In the course of July my wife and the children left home to spend a couple of months at the seaside. I intended to join them when the time came to take my holiday, and in the meantime I stayed in London, going daily to my work. Ellen stayed on with me to keep house in the absence of her sister-in-law.
One evening, four or five days after my wife’s departure, I was sitting in my study, a large room with a door leading into the drawing-room, and a heavy curtain hung over my side of the door. It was past eleven; my sister had retired half an hour before, and the two maids who were left in the house were presumably in bed and asleep. I was therefore surprised to hear heavy and somewhat slow footsteps, apparently those of a large man, ascending the stairs from the ground-floor. The front door I knew was locked and chained, nor had I heard anyone ring.

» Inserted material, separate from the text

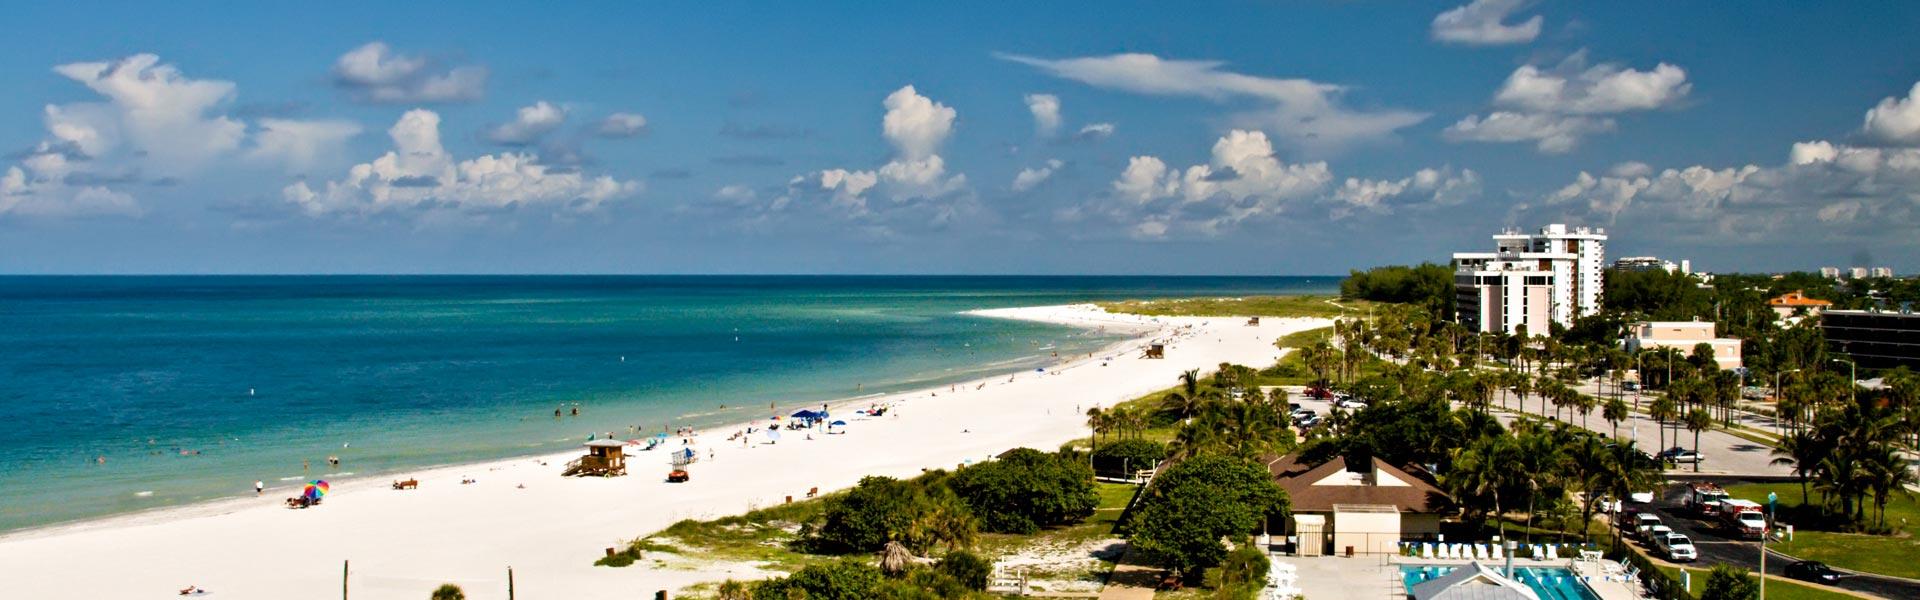 Sarasota-FL-large

The steps paused for a moment on the landing outside my door, and then I heard the intruder proceed to go up the next flight of stairs leading to the bedrooms on the second floor. I sprang up, seized a candle, and opened the door. As I stood on the threshold of my room I seemed to hear footsteps, as of a man heavily mounting the stairs at the top of the flight leading up from my door. But, though I held the light above my head, I could see no one. Everything wore its usual aspect. I walked quickly up the stairs, but nobody was visible. I searched all the empty rooms, but with no result. I called up Ellen and the maids, but none of them had seen or heard anything. I am ashamed to say that I made a specially rigorous investigation of a large room at the back of the house, which we used for a night nursery, and which tradition declared to have been the abode of my ill-fated kinsman Ronald Masey I then went downstairs and completed my search of the entire premises. Everything was in order, and at the end of an hour I went back to my study and my book, rather annoyed with myself for having spent so much time in so fruitless an exploration, and determined to think nothing more about the matter.